--- Records supplied ---

------------------------------------

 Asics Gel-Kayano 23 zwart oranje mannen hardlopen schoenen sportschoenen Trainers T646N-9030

------------------------------------

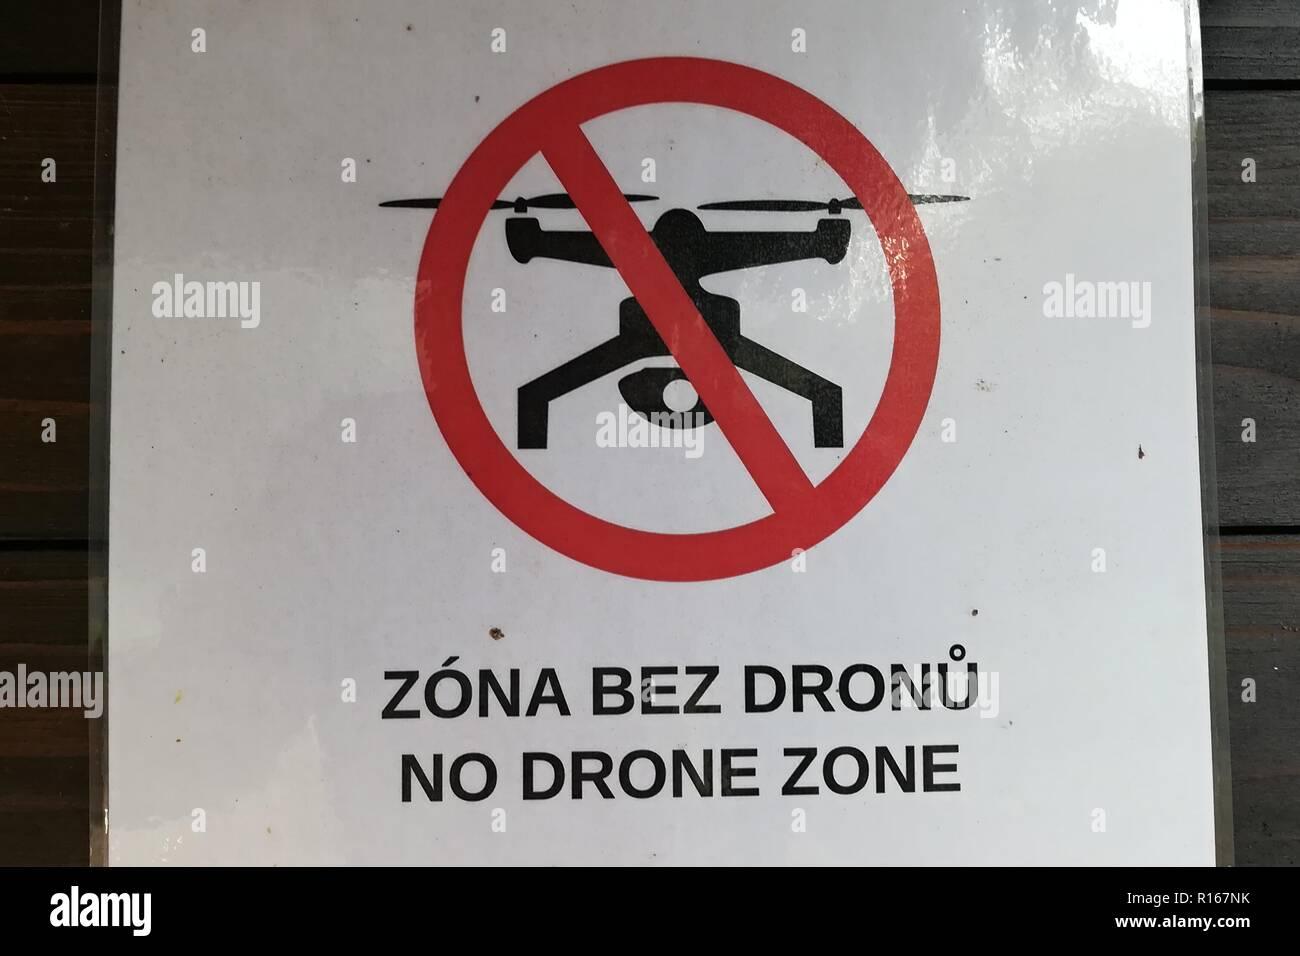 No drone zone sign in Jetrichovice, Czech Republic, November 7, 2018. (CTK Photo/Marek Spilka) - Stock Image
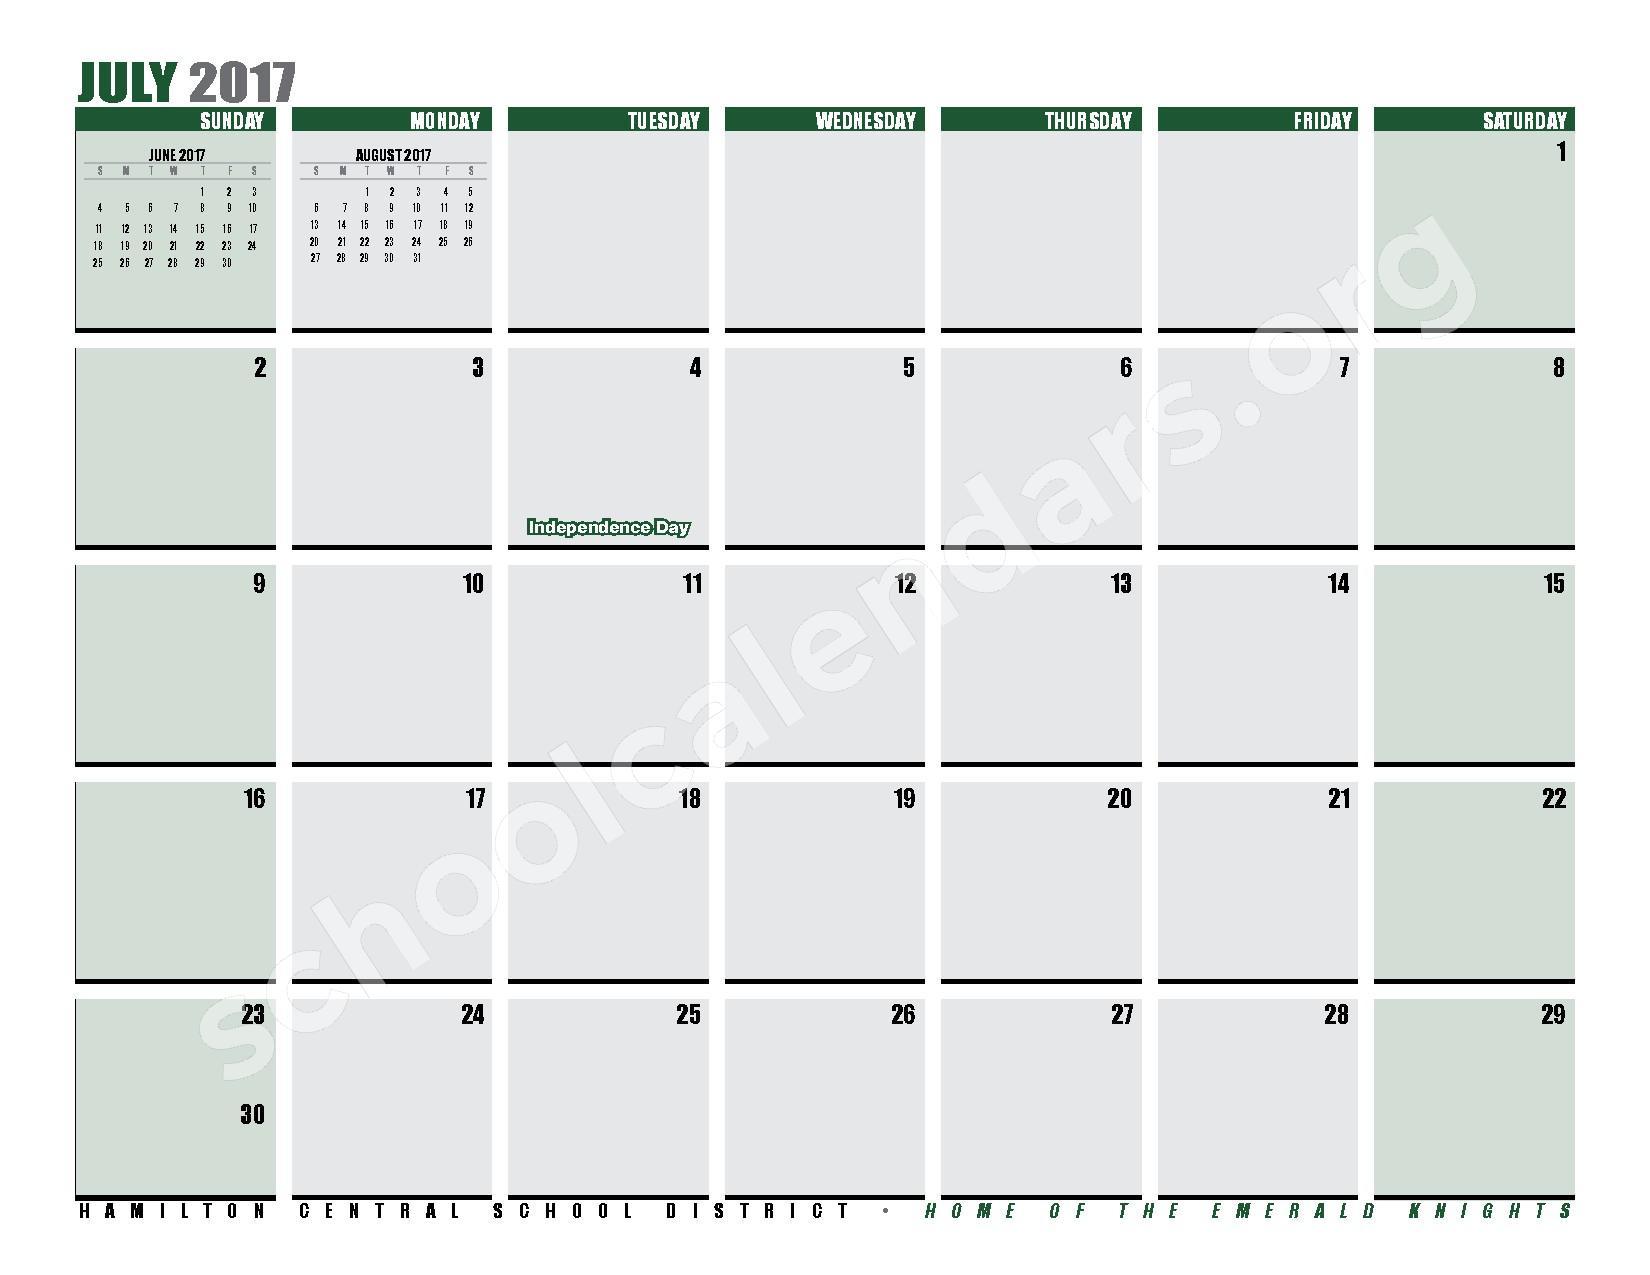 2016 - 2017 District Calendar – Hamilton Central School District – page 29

------------------------------------

--- What is being asked ---
Word for word, repeat the lines above from the one with "No drone zone" through the one with "2016 - 2017", and nothing beyond them. Omit the pictures.

--- Response ---
 No drone zone sign in Jetrichovice, Czech Republic, November 7, 2018. (CTK Photo/Marek Spilka) - Stock Image
 2016 - 2017 District Calendar – Hamilton Central School District – page 29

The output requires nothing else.